Angular variables of climbing geckos in two lateral undulation patterns.

Geckos demonstrate flexible and agile locomotion on diverse terrains and surfaces. The lateral undulation pattern referring to the trunk-limbs coordination gives animals advantages in terms of motion speed, dynamical stability, and highly efficient movement. Quantitative analysis of the angular variables of the trunk and limbs was proposed to compare the kinematics of Gekko gecko on the vertical plane in the standing wave and traveling wave of lateral undulation patterns. Thirteen angular variables were measured to illustrate the kinematic characteristics of trunk flexion, girdles rotation, scapula rotation, trunk deflection, femoral/humeral protraction-retraction, abduction-adduction, and rotation around their axes, and knee/elbow flexion-extension. One-way analysis of variance (ANOVA) tested for mean differences between patterns for maximum value, minimum value, and range value of each angular variable.

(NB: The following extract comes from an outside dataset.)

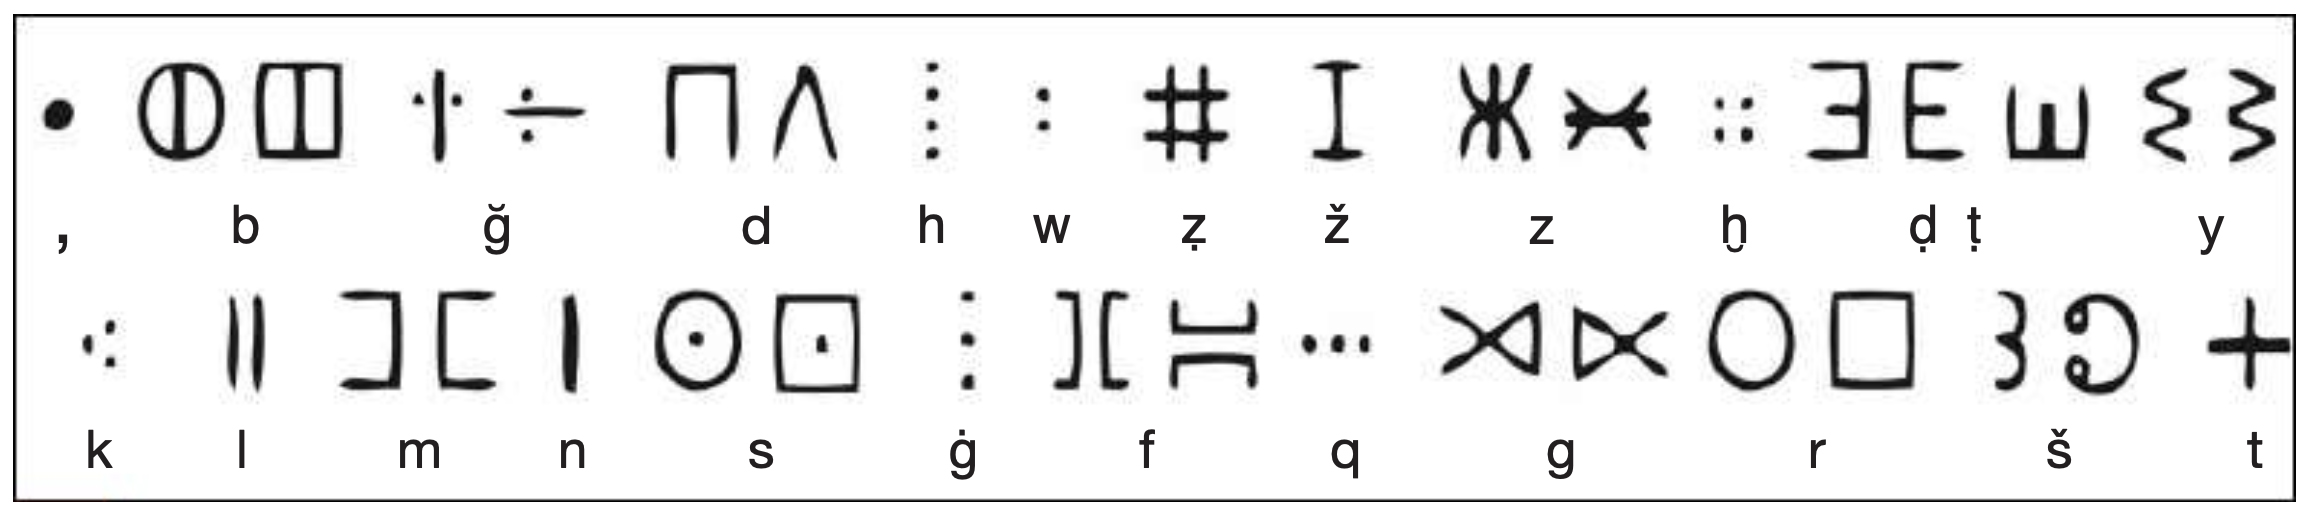 Figure 8. Écriture dite tafinaq (tifinagh au pluriel), en usage chez les Touaregs. Certaines consonnes du système tafinaq sont conçues à l ’aide de points, contrairement aux inscriptions libyques de Dougga qui sont gravées à l’aide de traits; un trait est un signe reliant deux points. Le Corpus de l’abbé Jean-Baptiste Chabot R.I.L. (Recueil des Inscriptions Libyques, Alger, 1940) a répertorié plus de 1500 inscriptions sur des stèles mises au jour au Maghreb. Ces stèles découvertes il y a plus d’un siècle, n’ont fait l’objet d’aucune analyse approfondie à ce jour.

The geckos adapted to the changes in locomotion velocity by dynamically adjusting the joints angular variables. Twenty of the thirty-nine angular values showed a significant pattern effect that presented the variation of angular values or the timing of the peak of the angle curve in two different lateral undulation patterns. The climbing stability of a gecko is tightly associated with the coordination between the body and the limbs.